# Vet said Raw Diet was unhealthy



## bwreynolds72 (Jul 15, 2008)

Sam will be 7 months old in about a week and a half and she looks about as healthy as a dog could be except for a bare spot on her back leg that she bites. 

So my wife took Sam to the vet today to get that checked out, well my vet wasn't there, a fill in showed up in her place. The first question she asked was what diet is she on. My wife said she is on the RMB diet and has been for some time. The vet said "Oh that is so unhealthy you need to get her off that immediately". My wife said, excuse me no it isn't unhealthy and we will not be changing her back to kibble. My wife told her that if I had heard her say that then I would have not been happy, haha she was right.

The vet returned with "he probably read that diet on the internet somewhere."

This vet has gotten alot of complaints and how many people can guess what establishment in which she may be employed?

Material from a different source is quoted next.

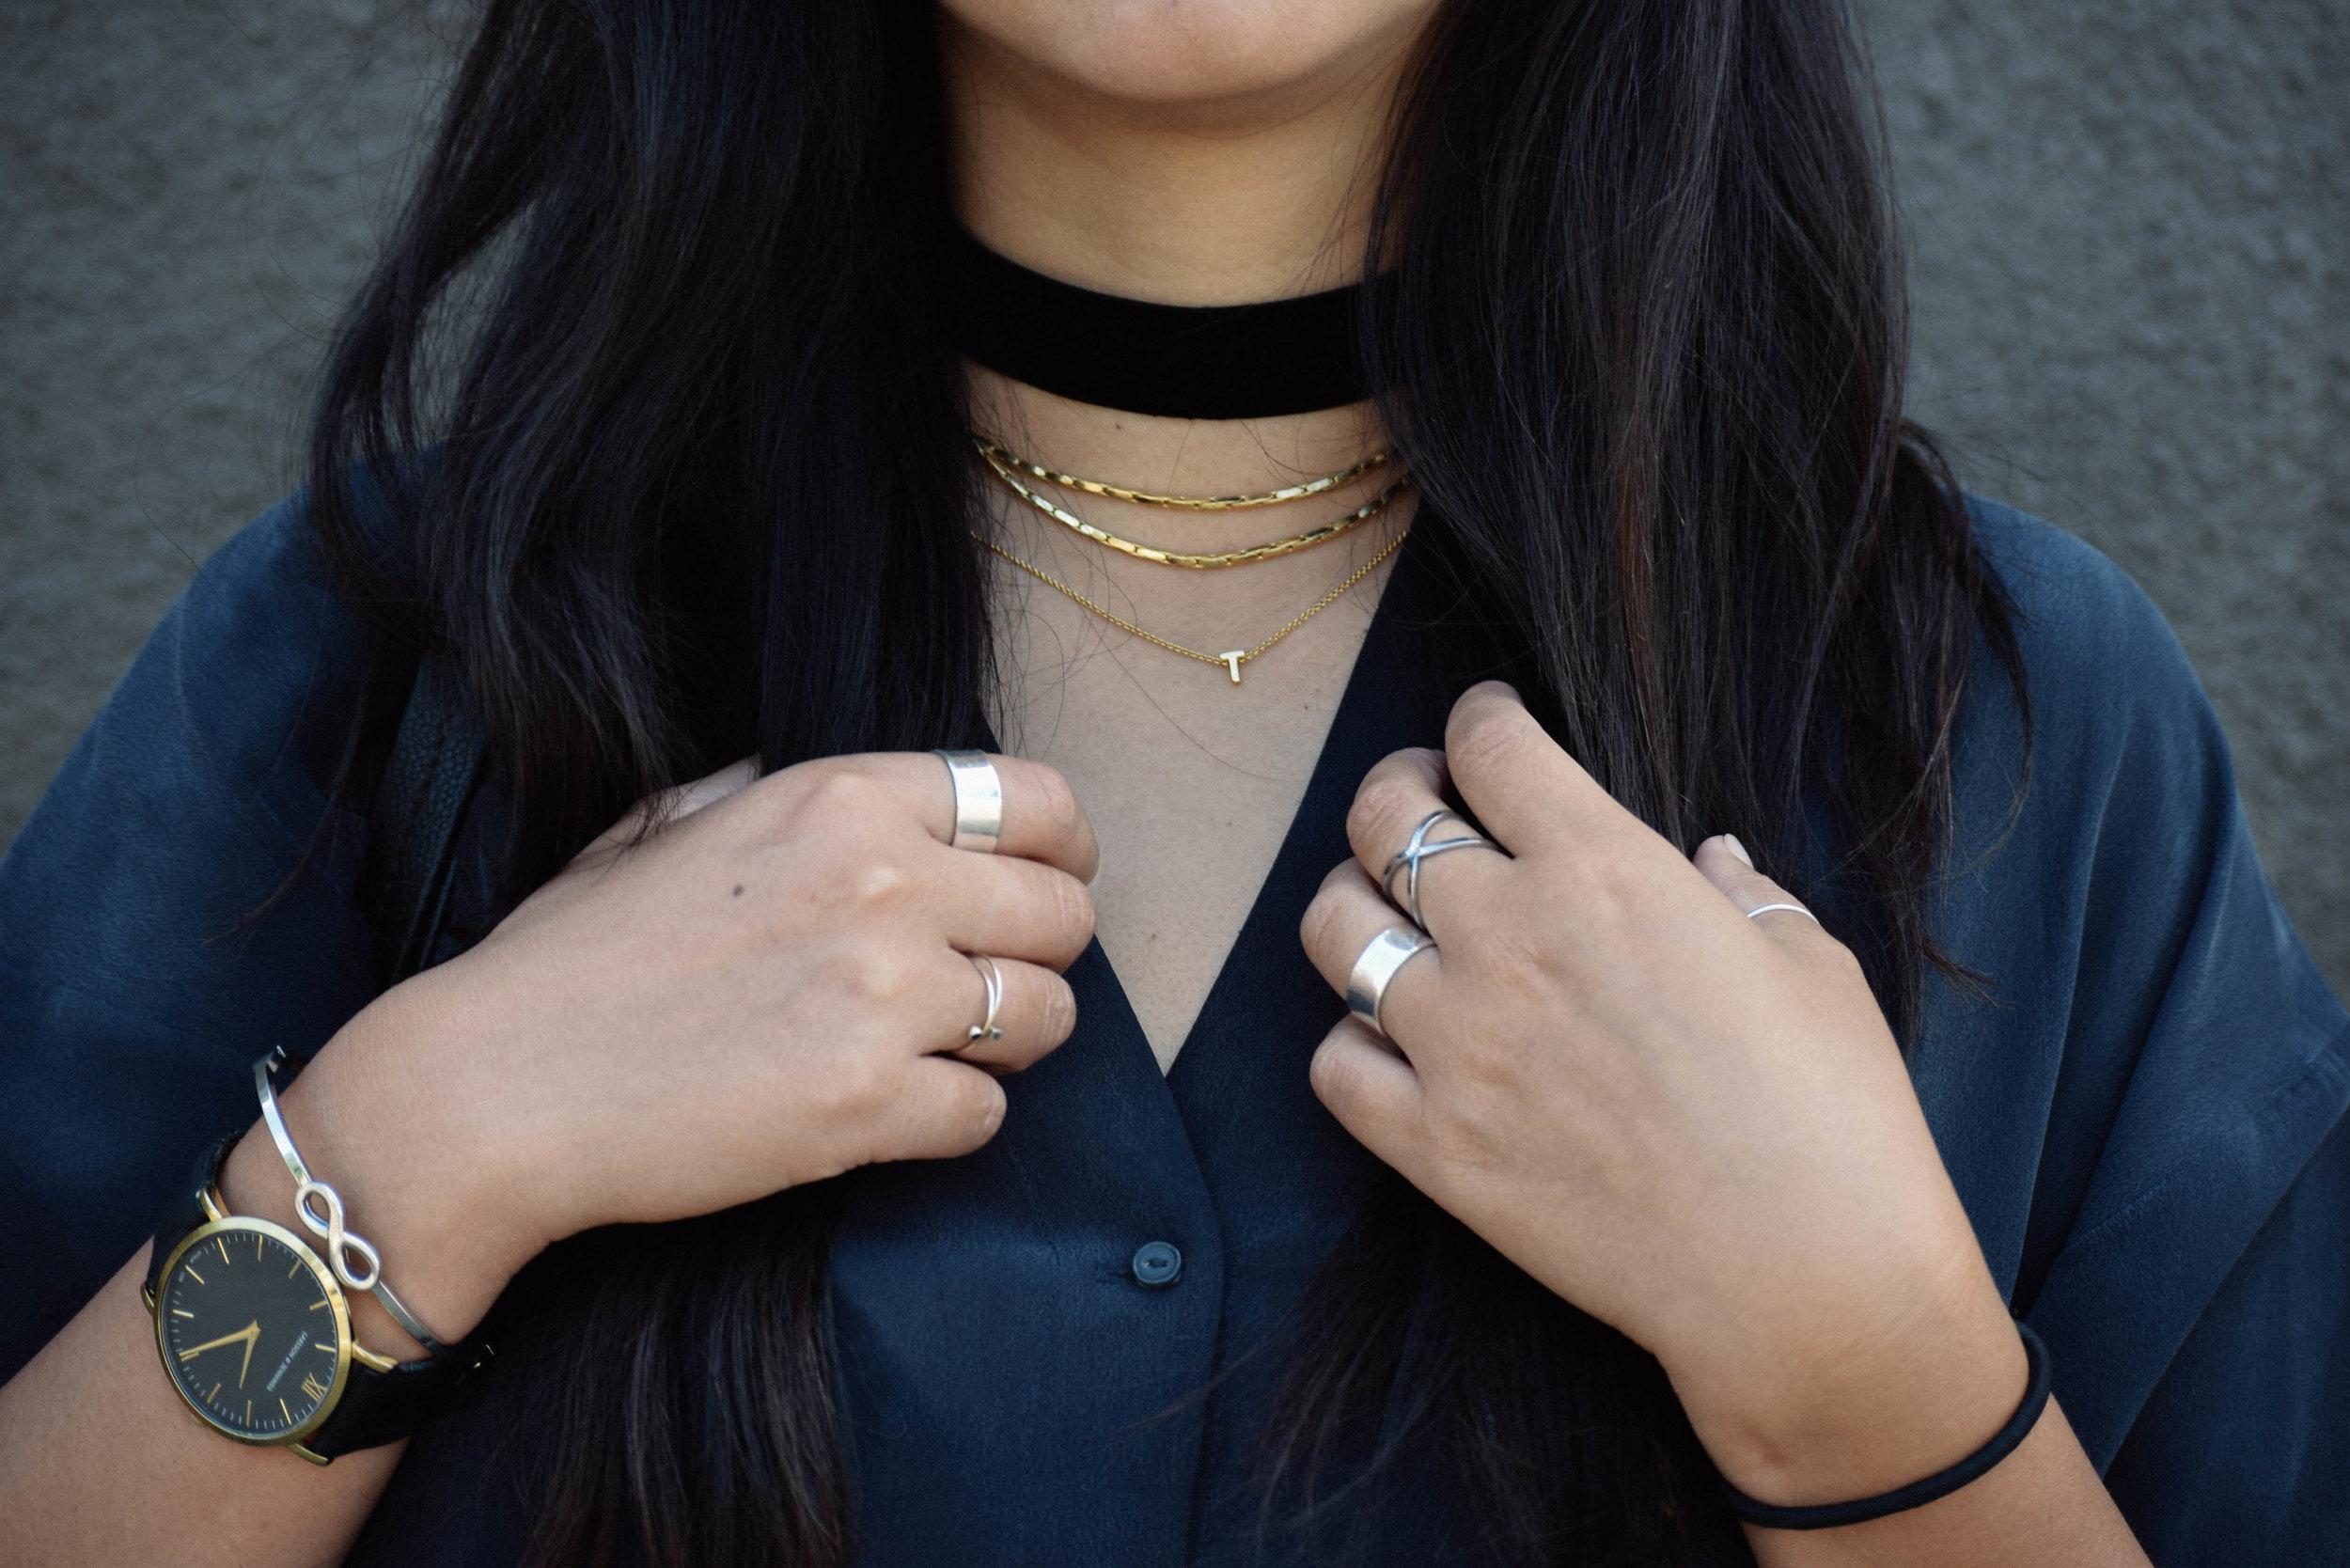 VANESSA MOONEY   choker   / LACEY RYAN   double snake choker necklace   / GORJANA  letter necklace (similar  here )

Anyway, a couple of other things went on with that visit that I don't care to discuss and my wife ended up leaving without finding out the problem. Need to find another vet and see if she has any allergies. 

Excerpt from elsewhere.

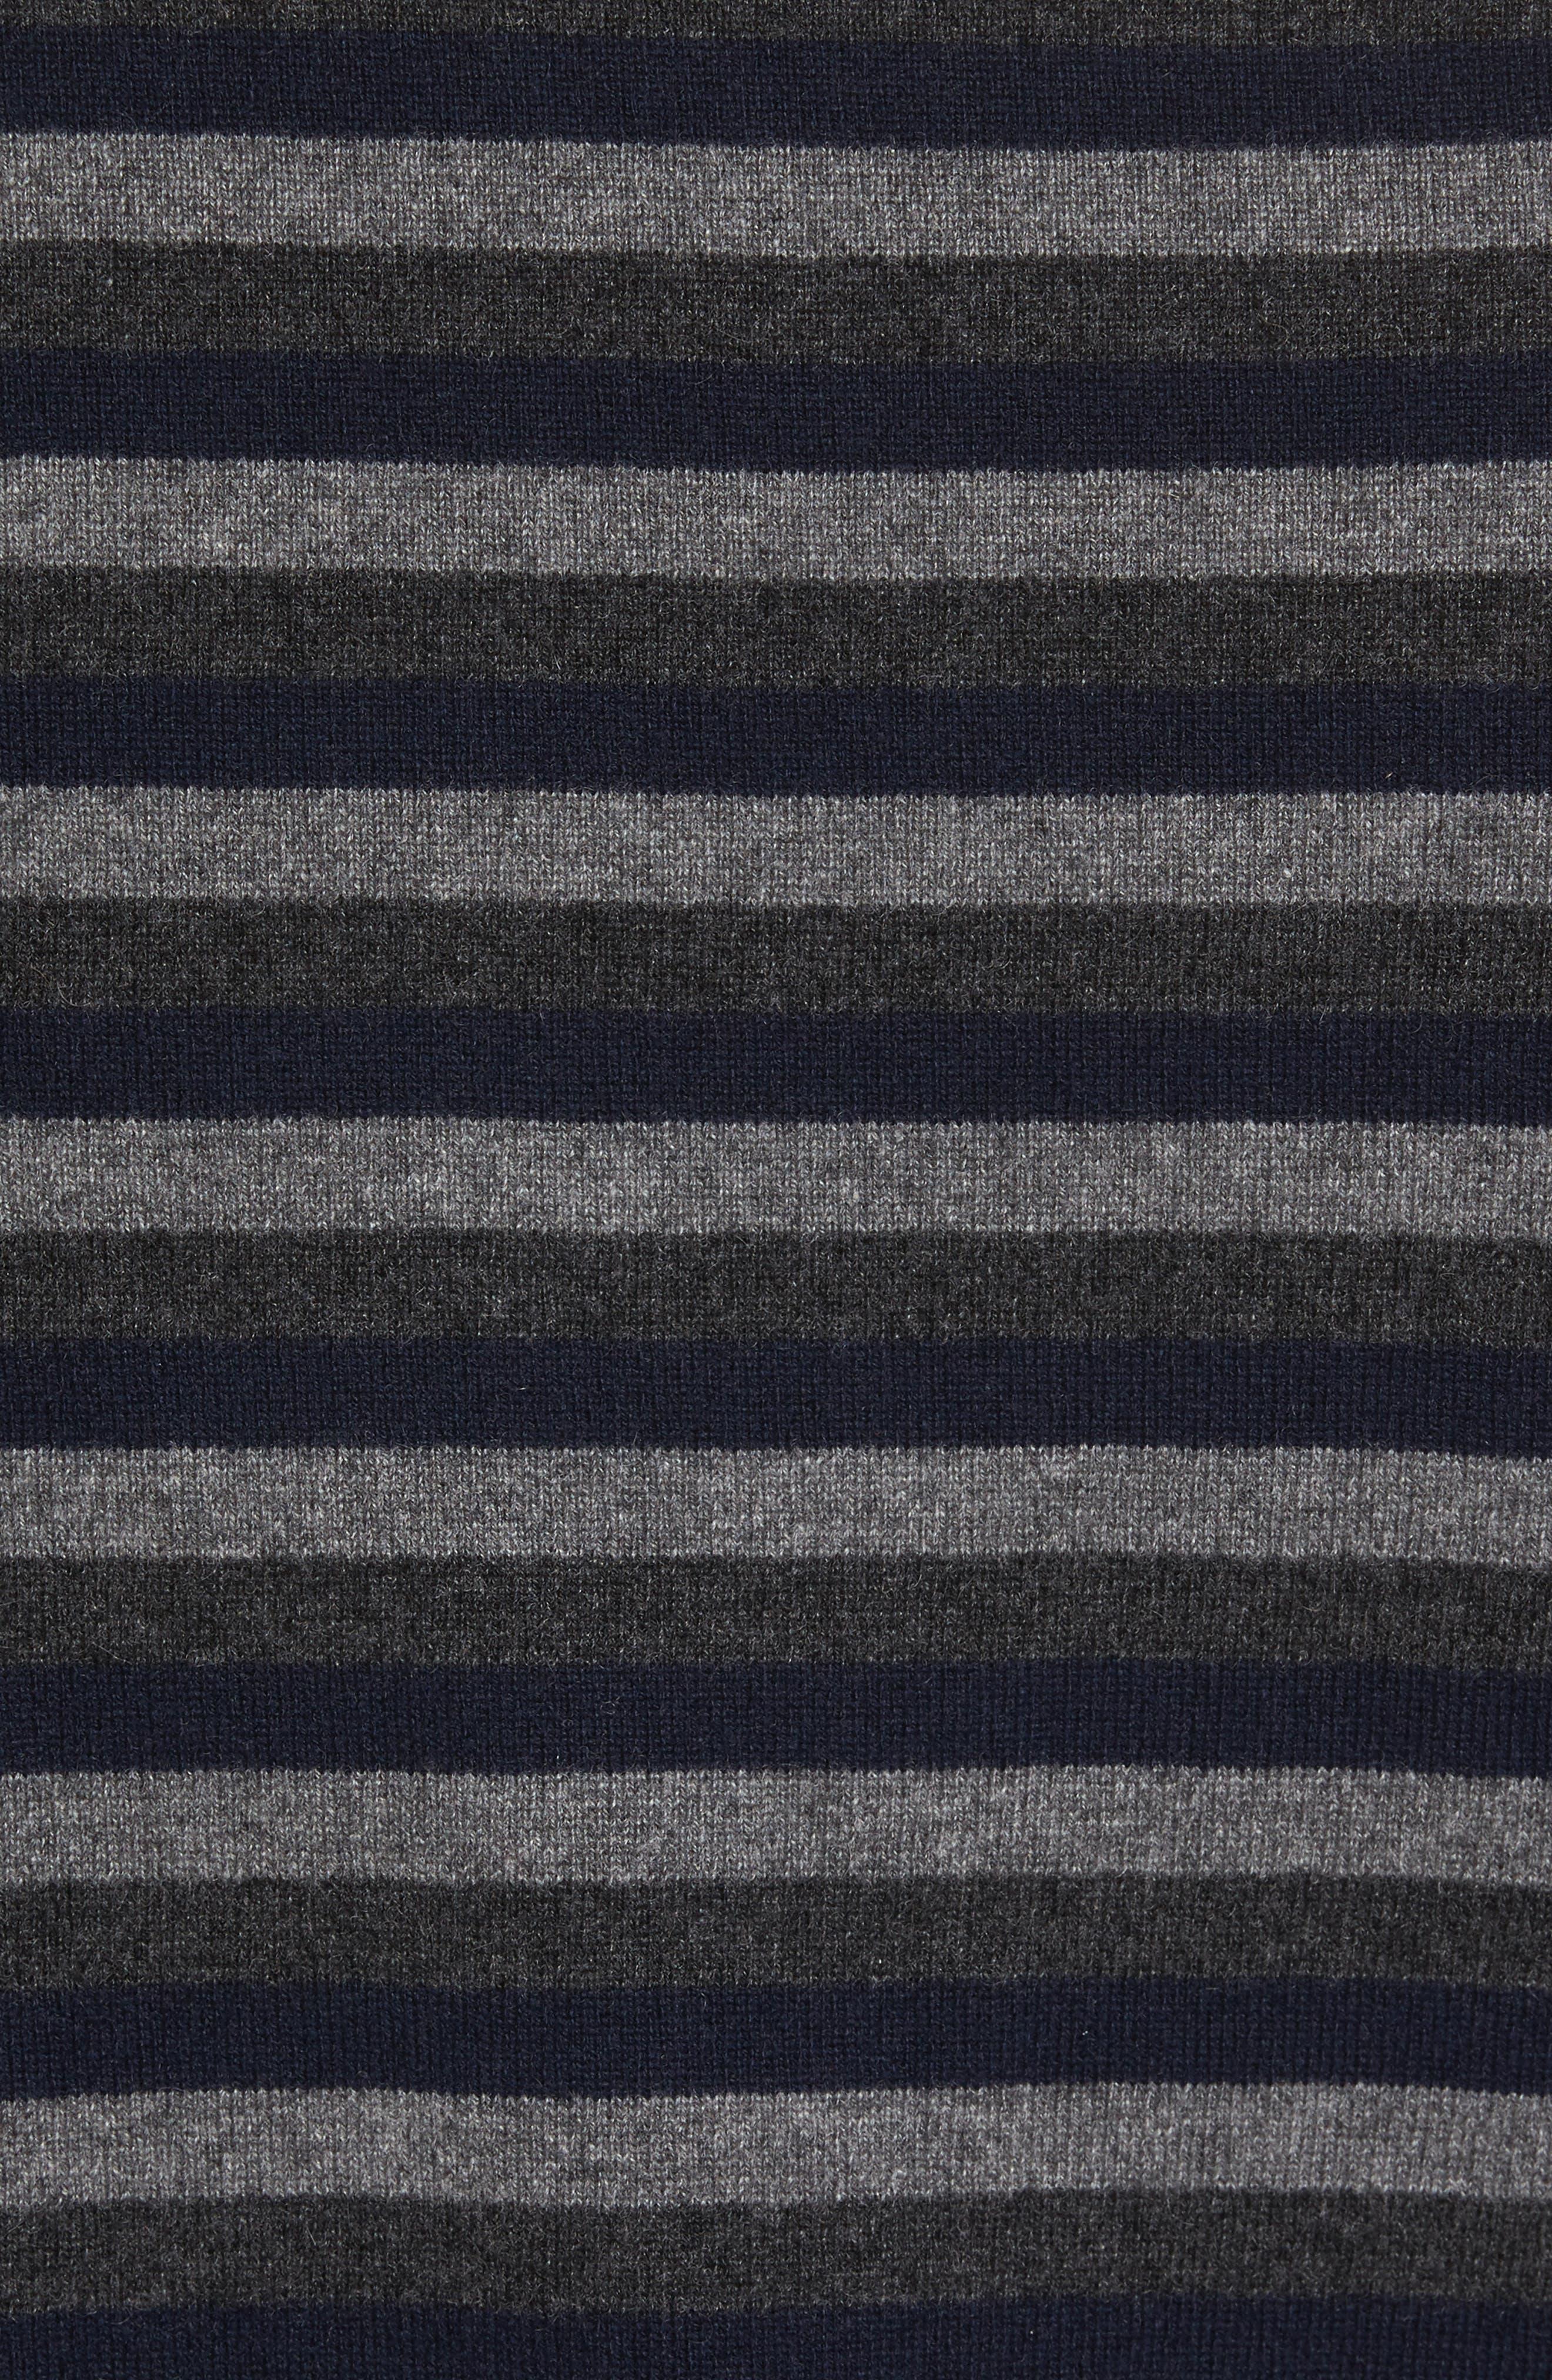 Stripe V-Neck Cashmere Sweater,                             Alternate thumbnail 5, color,                             406

Thanks for letting me vent guys. The bare spot on the picture below was from her surgery, not the topic discussed above.


----------



## onyx'girl (May 18, 2007)

Sam is a good sized GSD from the pic. Most vets don't know much about nutrition and feel the general public know less than them. So to get a knowledgable pet owner feeding raw, they get defensive. My vet actually cringed when I told her what I feed, she caught herself in the act, though! If you let them know what you feed, supplements and amounts for body weight, they may be a bit more accepting that you know what you are doing. If you just say I feed RMB's that may get a poor opinion of the diet you are feeding.
Try to find a holistic vet if possible, they are more open and less intrusive. Good luck with the allergy issue, Onyx has chronic right ear issues, and to do the elimination diet is something I need to get going on. My Dh and son are deer hunting this weekend, if I can get some venison to feed for a month we'll be all set!!


----------



## bwreynolds72 (Jul 15, 2008)

Yeah too bad I wasn't there to explain to her exactly what we feed to her and how much research I did before switching to this diet. My wife, I think was a little too mad to respond this way. I forgot to explain that this veterinarian wheeled herself in the room in her office chair and did not bother to get up out of the chair to give Sam the proper attention. A lot stuff went down with this vet before she made that comment about Sam's diet so I think my wife was just fet up at that point.


----------



## onyx'girl (May 18, 2007)

My dog would have gone off on someone who wheeled into the room, and then tried to examine her-she is fear aggressive. Wow, what a strange thing to do...


----------



## BJDimock (Sep 14, 2008)

Sadly I think that a lot of vets are still biased about the raw diet. When it first started coming into the Vet scene, we saw a whole lot of novices, not understanding nutrition, with very underweight, malnourshed dogs. Everyone wanted to jump on the "bandwagon" but didn't know how to steer.
We have seen nothing but really healthy happy dogs from raw diet, lately. (My Fidelco girls eat raw as well)
Unfortunately, it seems to be a problem with vets, who tend to form an opinion, and refuse to give it up. (I've worked for many different ones, and have seen it happen, again and again.)
Try seeing your reg. vet again, and voice your opinion. (Some times the fill in vets are the worst to be had)


----------



## bwreynolds72 (Jul 15, 2008)

Thanks for the advice. Yeah my normal vet is very nice, so nice perhaps that I am a little afraid to ask her opinion because I would lose some respect for her if she dismisses it. But on the other hand it might be the kick in the butt I need to find a hollistic vet in Houston. Probably are a few around. 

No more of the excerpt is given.